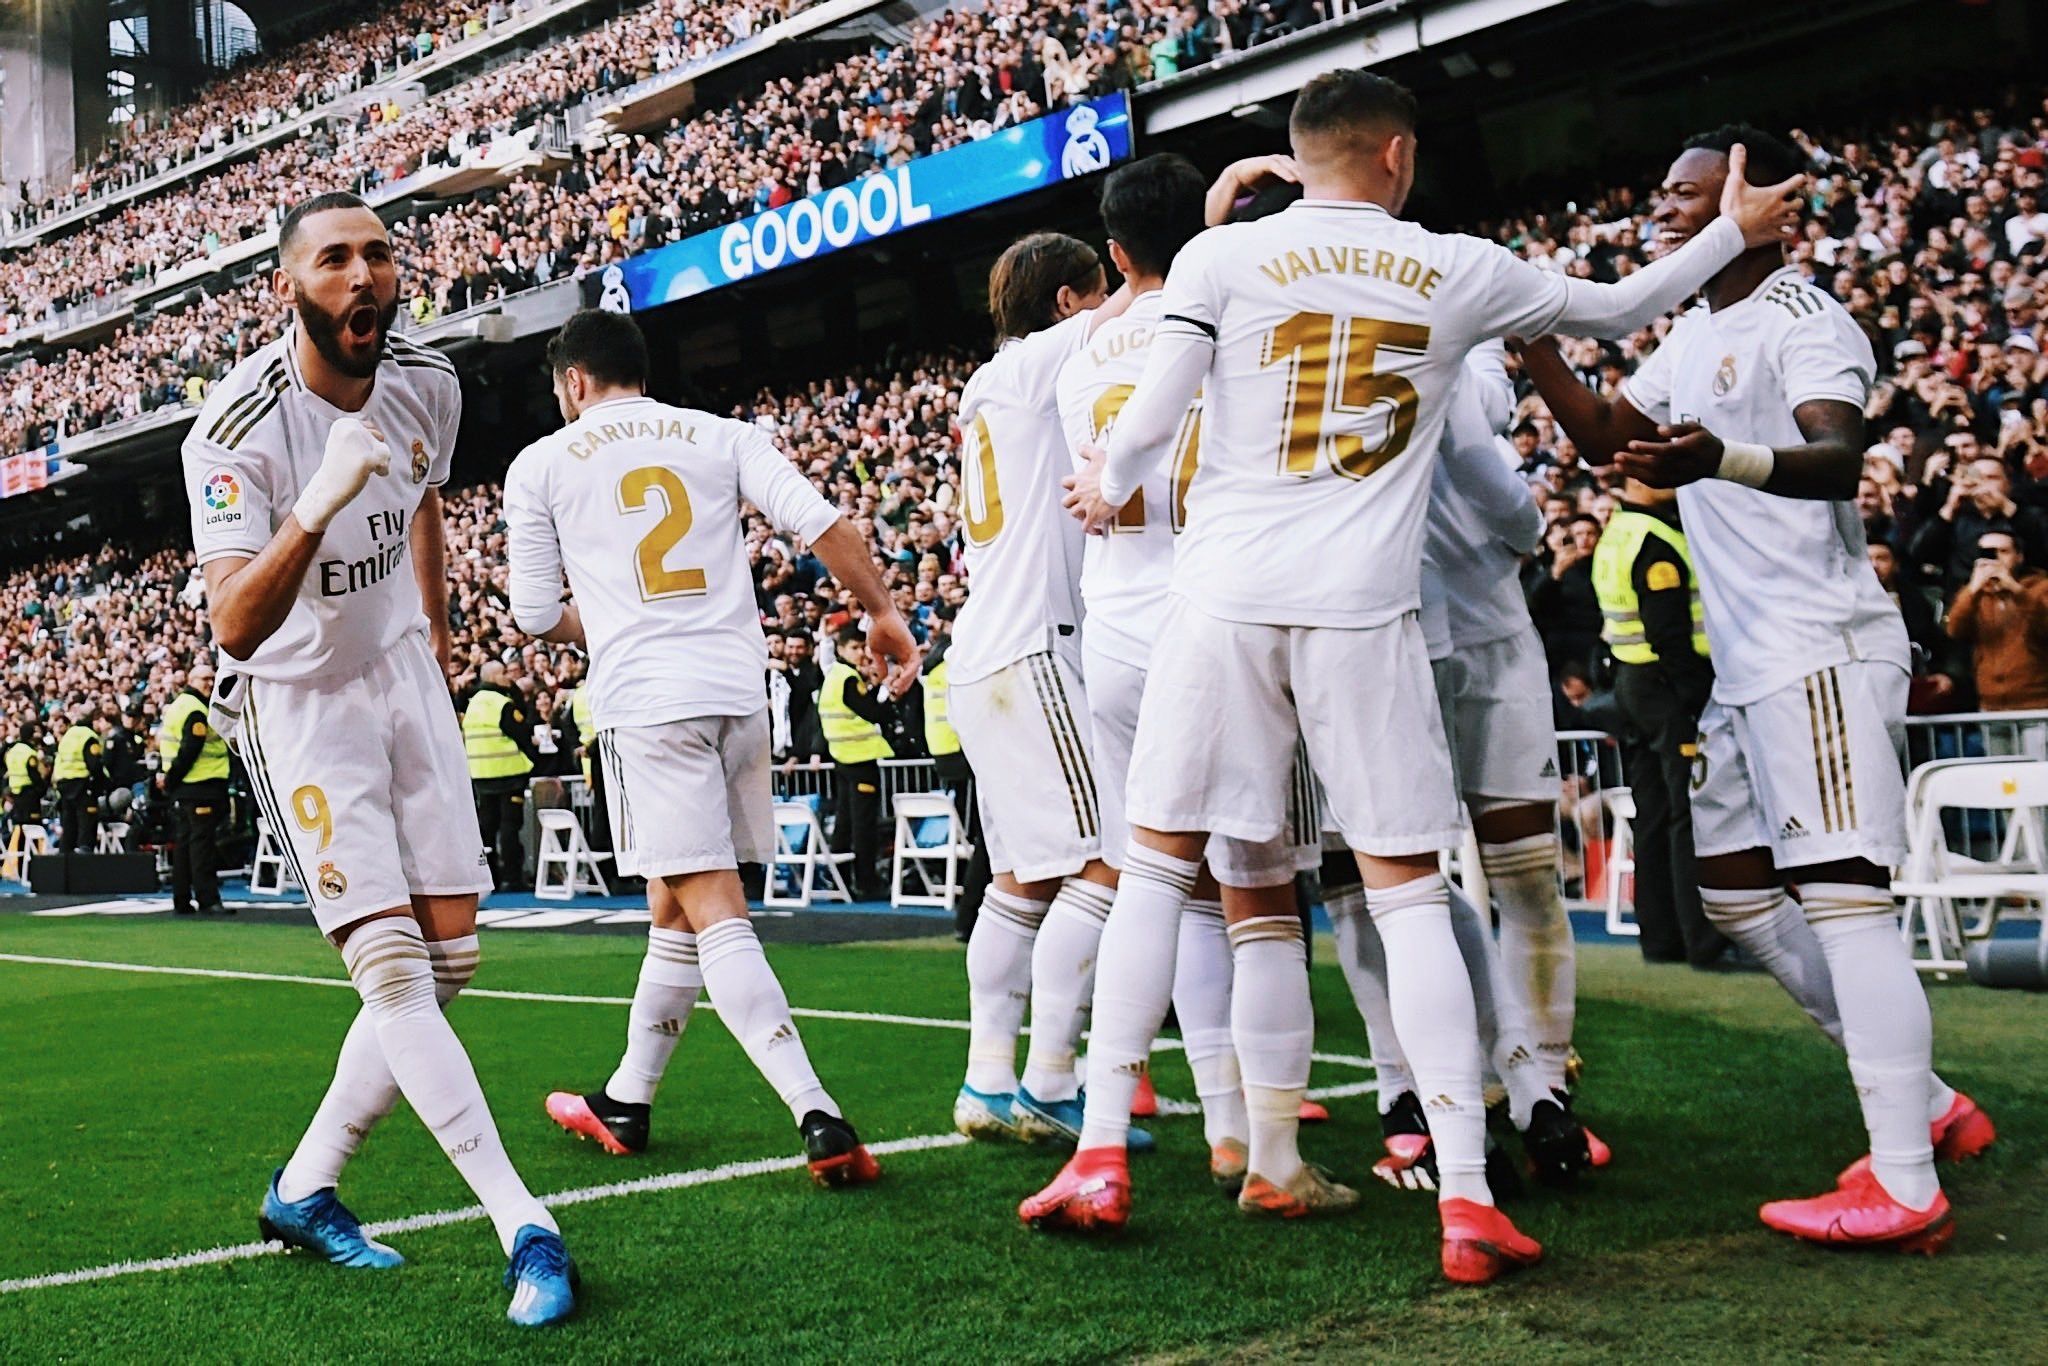 Мадридский «Реал» стал лучшим клубом в европейских топ-лигах по количеству чемпионств
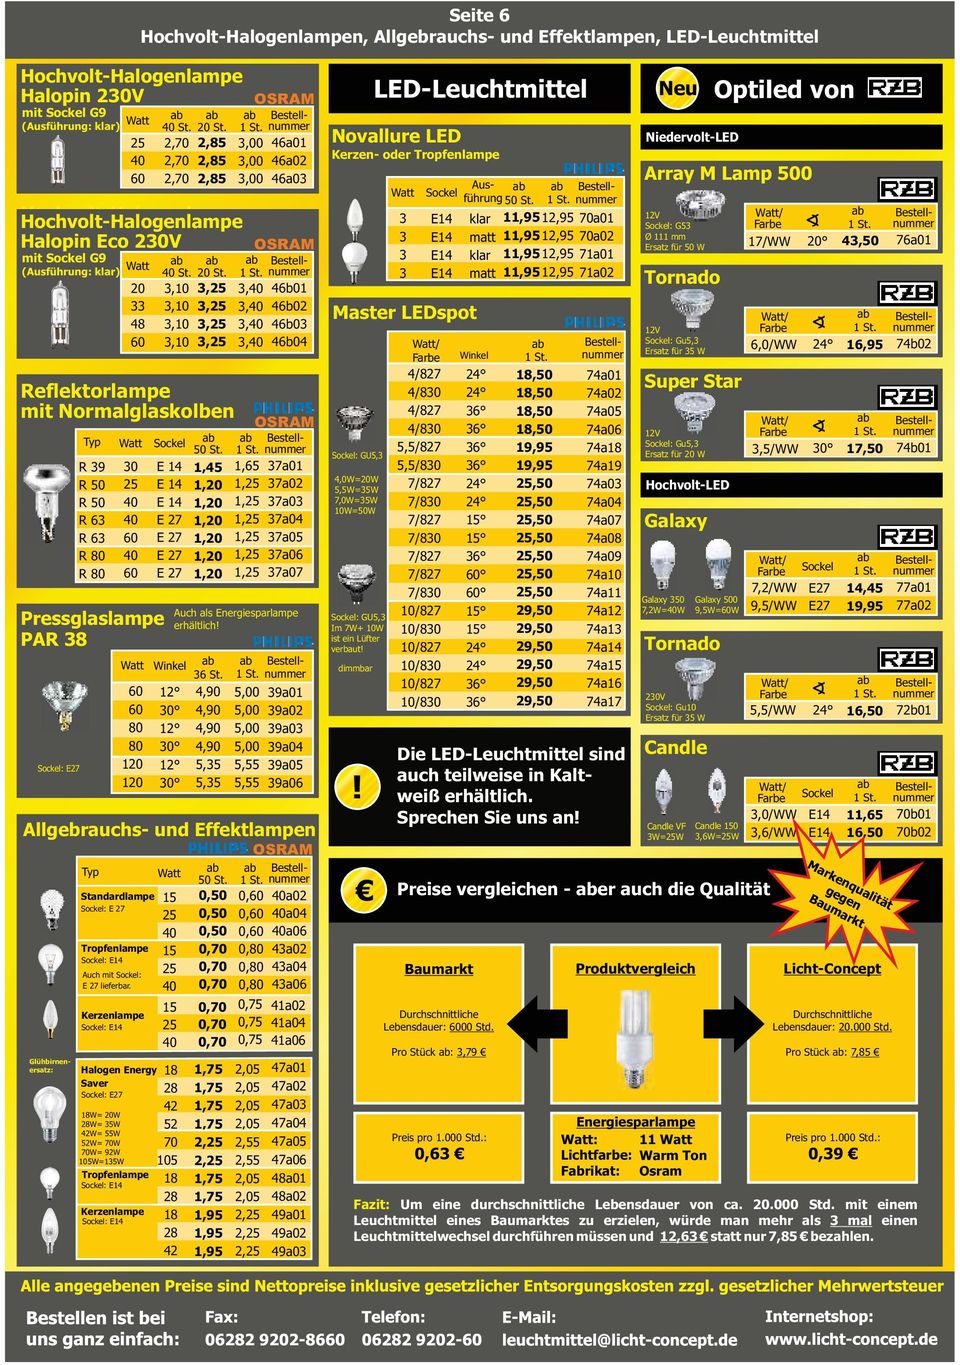 4,0 4,0 4,0 4,0,,,00,00,00,00,, 3a01 3a02 3a03 3a04 3a0 3a06 Allgebrauchs- und Effektlampen Typ Standardlampe Tropfenlampe E Auch mit lieferbar.
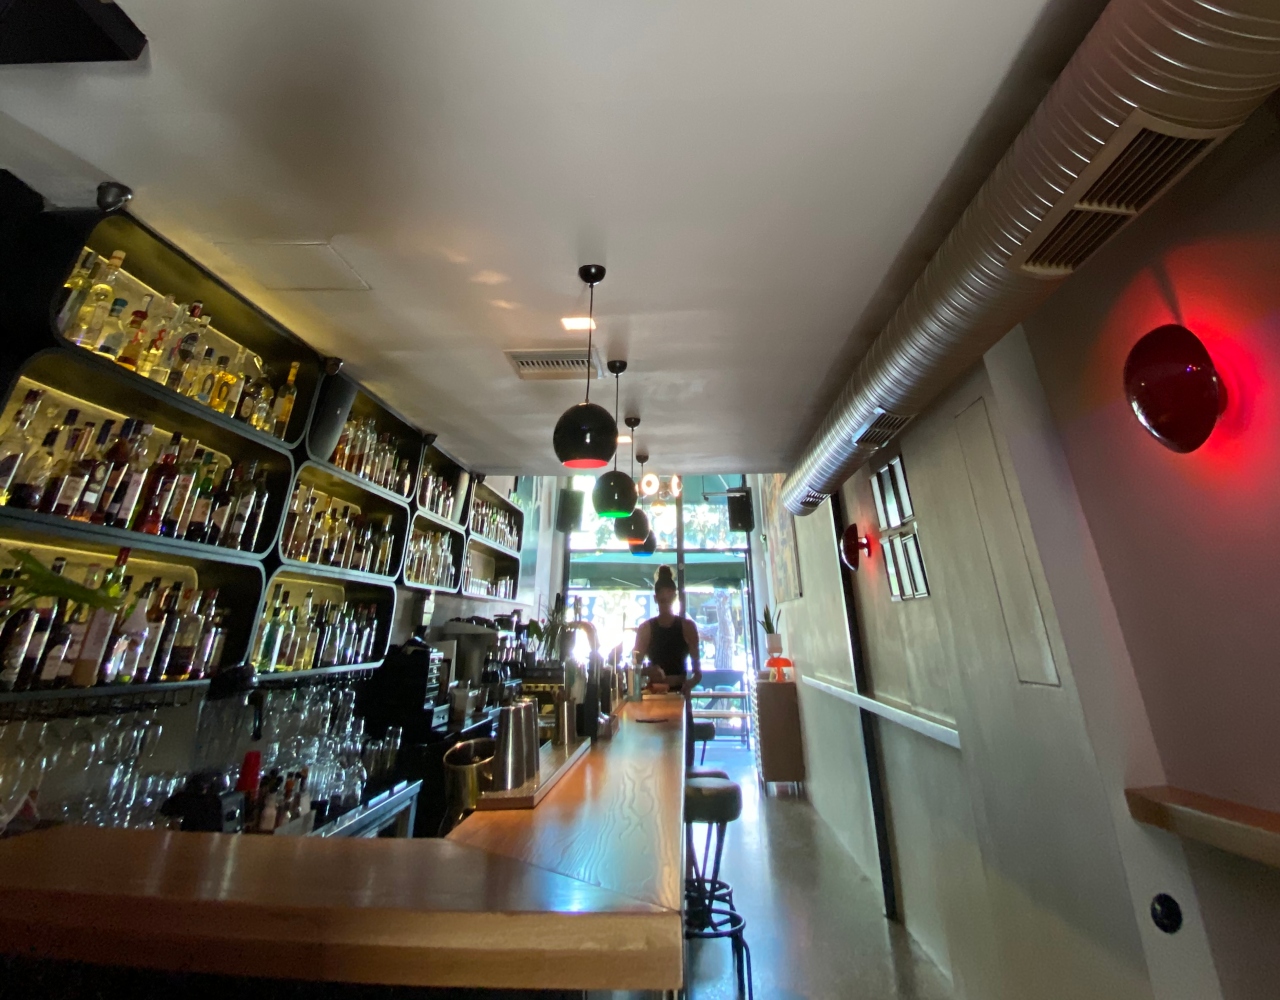 59 πράγματα που μας έχουν λείψει: Nα πιούμε ποτό στο αγαπημένο μας Mosaiko Bar

What the exercise asks
Retype the lines starting with the one that holds "4,0 4,0 4,0" and ending with the last line of the data above, both included; skip the pictures.

Your response
 4,0 4,0 4,0 4,0,,,00,00,00,00,, 3a01 3a02 3a03 3a04 3a0 3a06 Allgebrauchs- und Effektlampen Typ Standardlampe Tropfenlampe E Auch mit lieferbar.
 59 πράγματα που μας έχουν λείψει: Nα πιούμε ποτό στο αγαπημένο μας Mosaiko Bar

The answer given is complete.